Thanks for your input! You're actually one of the people who inspired me to write this after I read 'I'm proud to be a programmer'
I think I agree on the 'harmful code' point. This is where making a summary of the video is actually harmful to the point :D .I apologise for that.
I guess it comes down to every single person's judgement. One could focus on not producing harmful code for your customers, or your fellow developers, or your organisation. Your example about defense industry is a good point. We could also add programmers working for the government and asked to write some code to enforce a law that could be considered 'harmful' to certain citizens. I'm sure we could find many different examples such as yours where the 'harmful' part is only a matter of perception.
Bob Martin makes a difference about code defective in behavior and code defective in structure. I honestly don't fully understand the difference between the two. I'm sure something more experienced than me could explain that.
As you said, it really depends on the environment in which you work. And I believe that we could create many different statements and oaths to make ourselves feel better. But in the end, if the entire community of programmers ( or a big chunk of it ), doesn't believe in such an oath, well, management would believe in it, and nothing will be done.
Maybe we can agree that "harmful" means something counter to the primary stakeholders.
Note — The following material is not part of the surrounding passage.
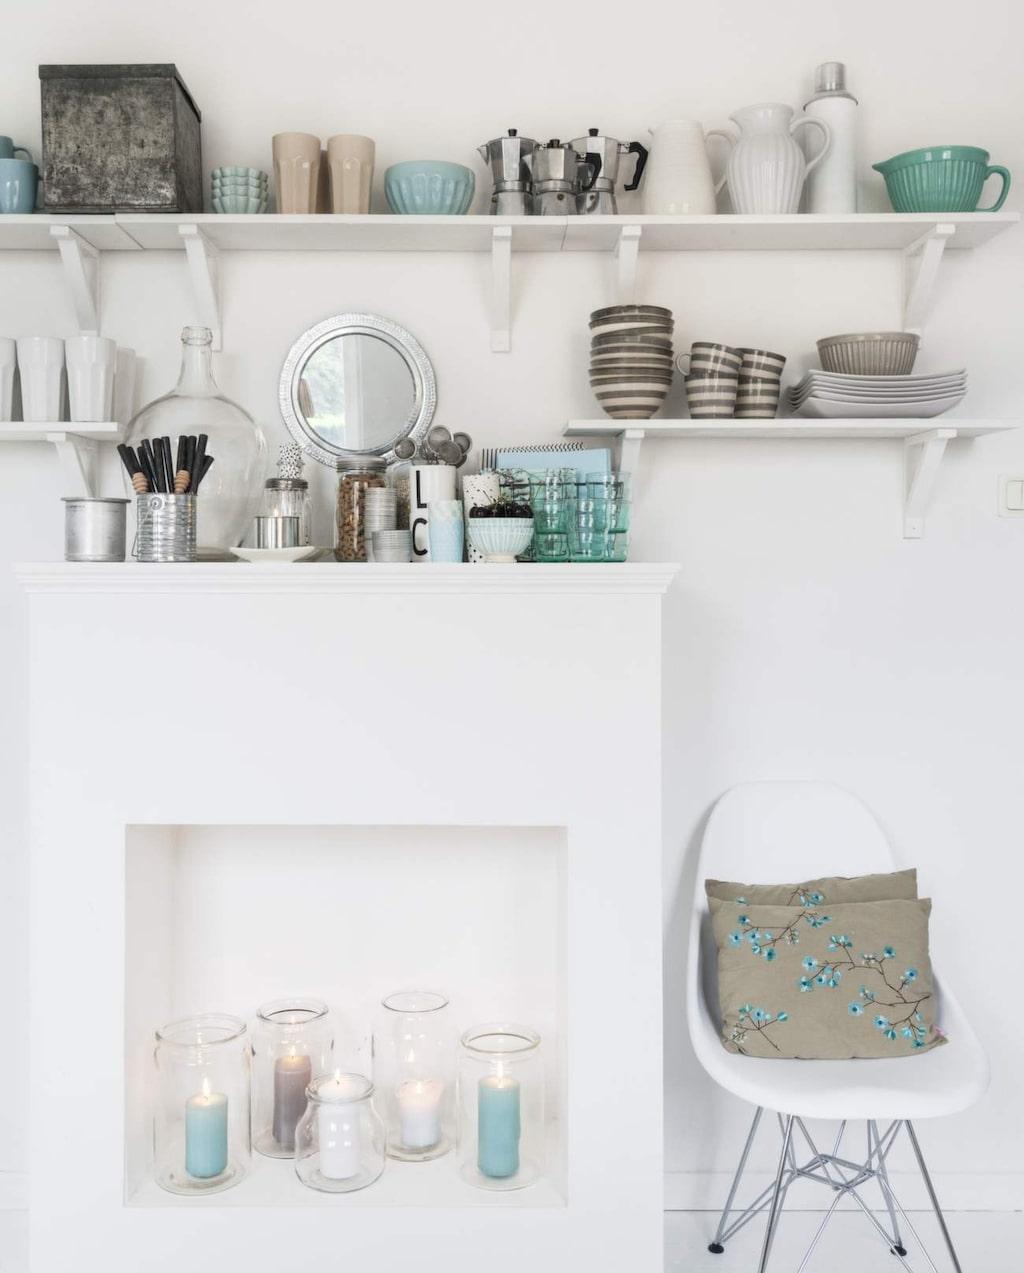 Spisen som är ett hemmabygge blir en bra möbel att ställa ingredienser och köksredskap på. På kvällarna lyser ljusen upp till ett vackert sken i det vita köket.

I think that's the primary intent. Of course it doesn't prevent virus writers, since their primary stakeholders are the scum who hire them. It's a hard point to make. It has the same problems in the hippocratic oath for doctors "do no harm". It's well meant, but fuzzy.
Defective in behaviour likely means it doesn't fulfill it's requirements. Defects in structure probably means it fulfills its requirements but has problems at the code level, possibly even failing certain non-functional requirements.
Note, I agree with the other points. I wish everybody cared a lot about the work they do.
In programming, there is always a strong back-and-forth between what people strive for and what they end up with because of reasonable tradeoffs. I find folks like Bob Martin usually concede that this is clearly the case, but they don't always do a good job of acknowledging that reality in the initial statement.
The open/closed principle is an example of a concept that I find is a nice ideal, but none of my work has really been able to get anywhere near complying with it on account of difficulty predicting the future, so I've found it to be a bit unhelpful in that it is rarely described as a good idea that might not come to be in practicality.
Perhaps some of these concepts would be best understood if the room for error was more baked into the initial wording rather than something tacked on when discussing the matter in practical terms.